## Exercise description
Restate the data exactly as given and keep the pictures out.

## Material provided

=== Section Start ===

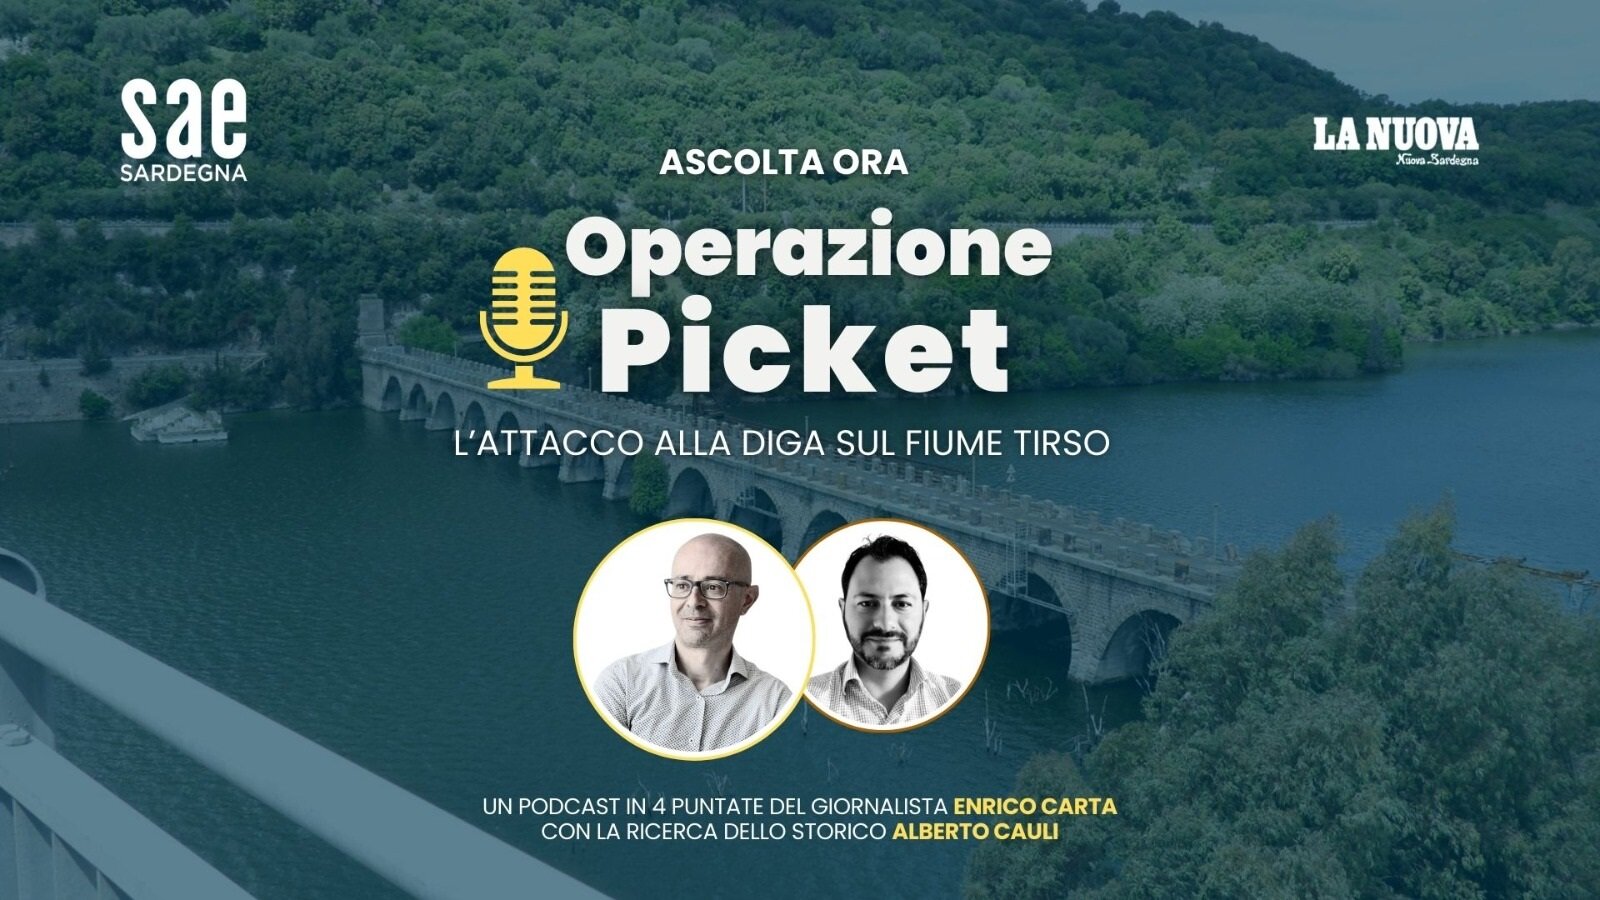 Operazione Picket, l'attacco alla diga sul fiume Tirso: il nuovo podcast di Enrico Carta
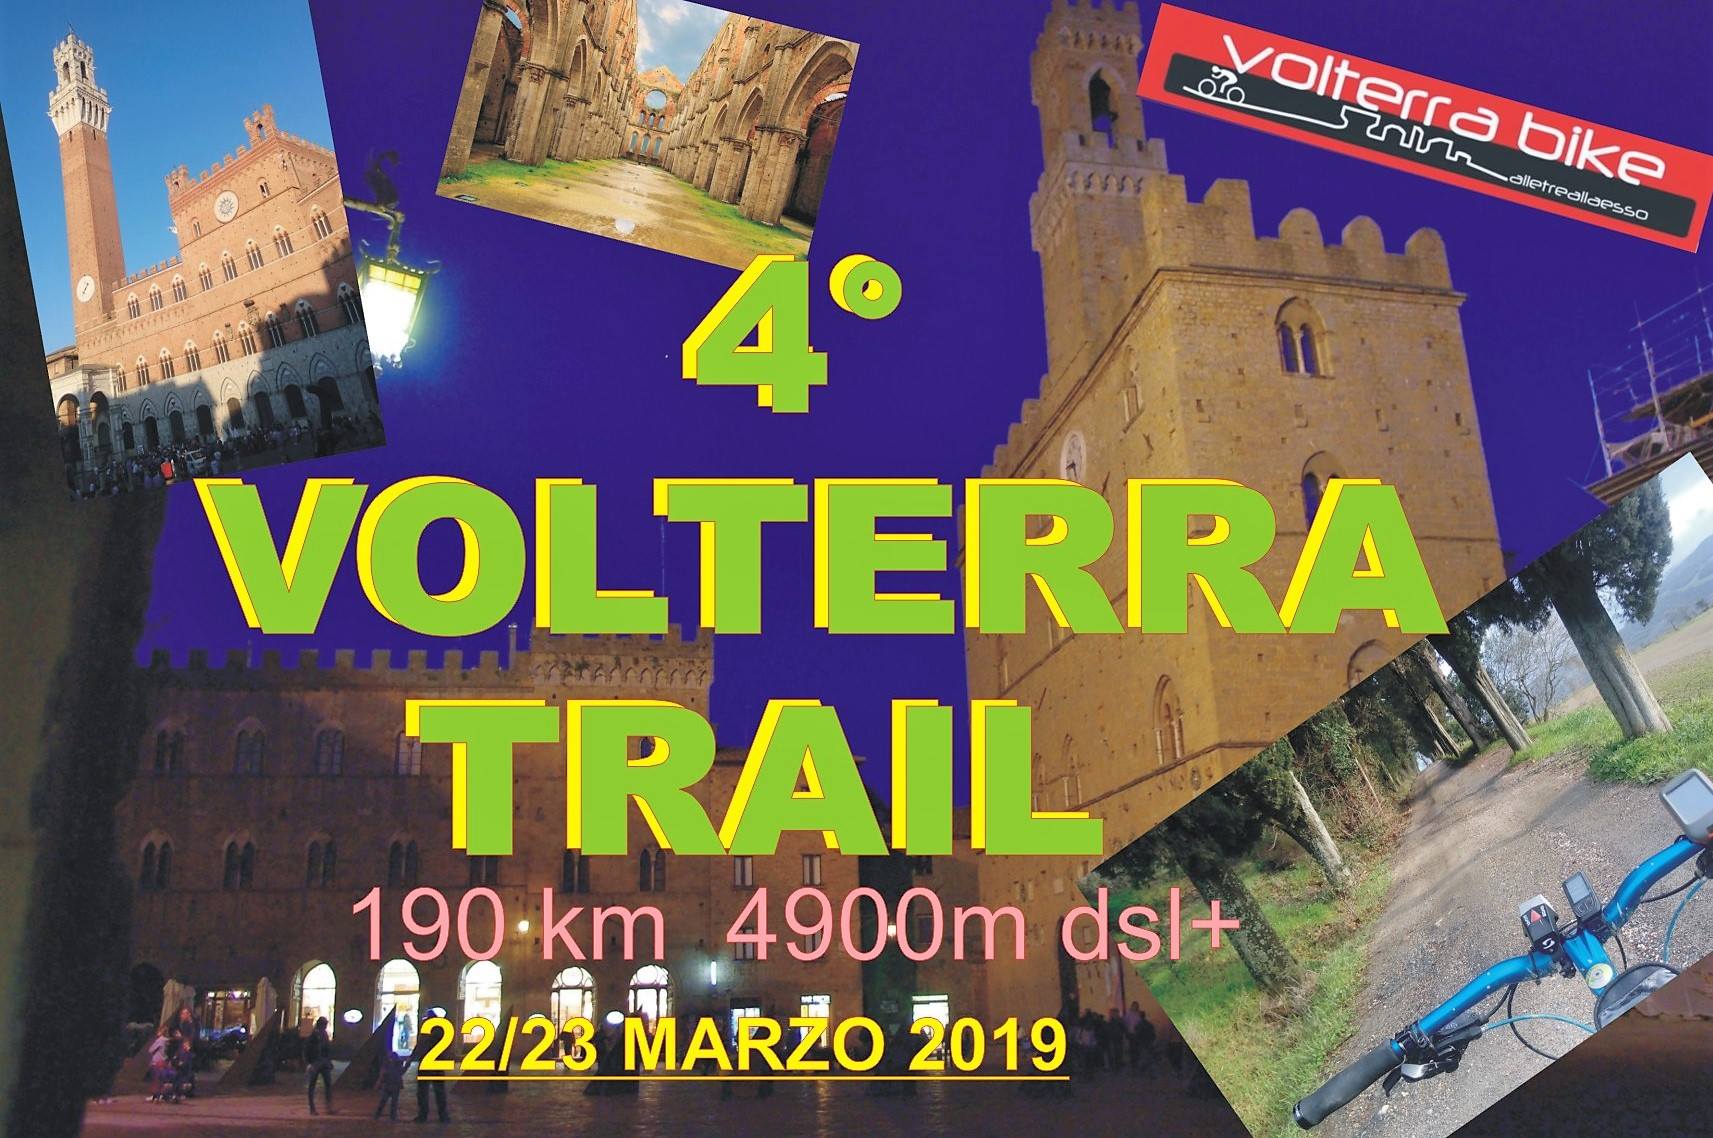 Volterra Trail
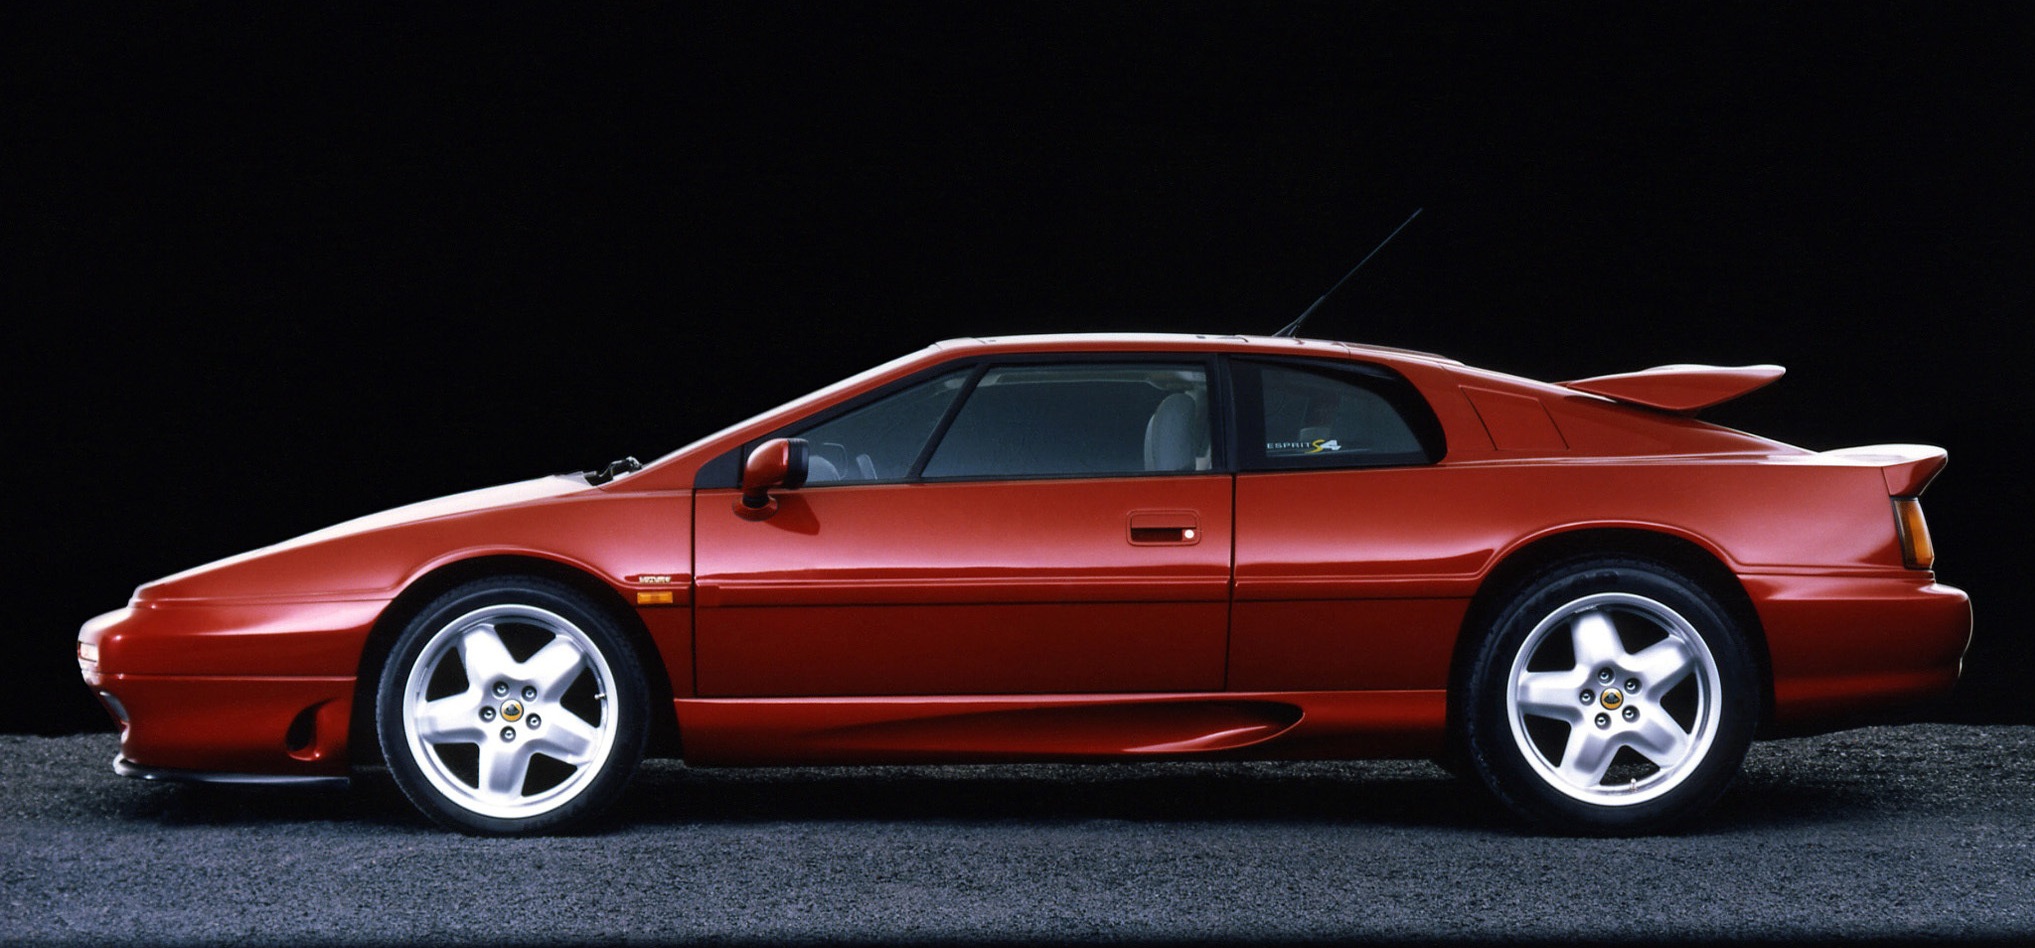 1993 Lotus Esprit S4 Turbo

=== Section End ===

## Finished exercise
 Operazione Picket, l'attacco alla diga sul fiume Tirso: il nuovo podcast di Enrico Carta
 Volterra Trail
 1993 Lotus Esprit S4 Turbo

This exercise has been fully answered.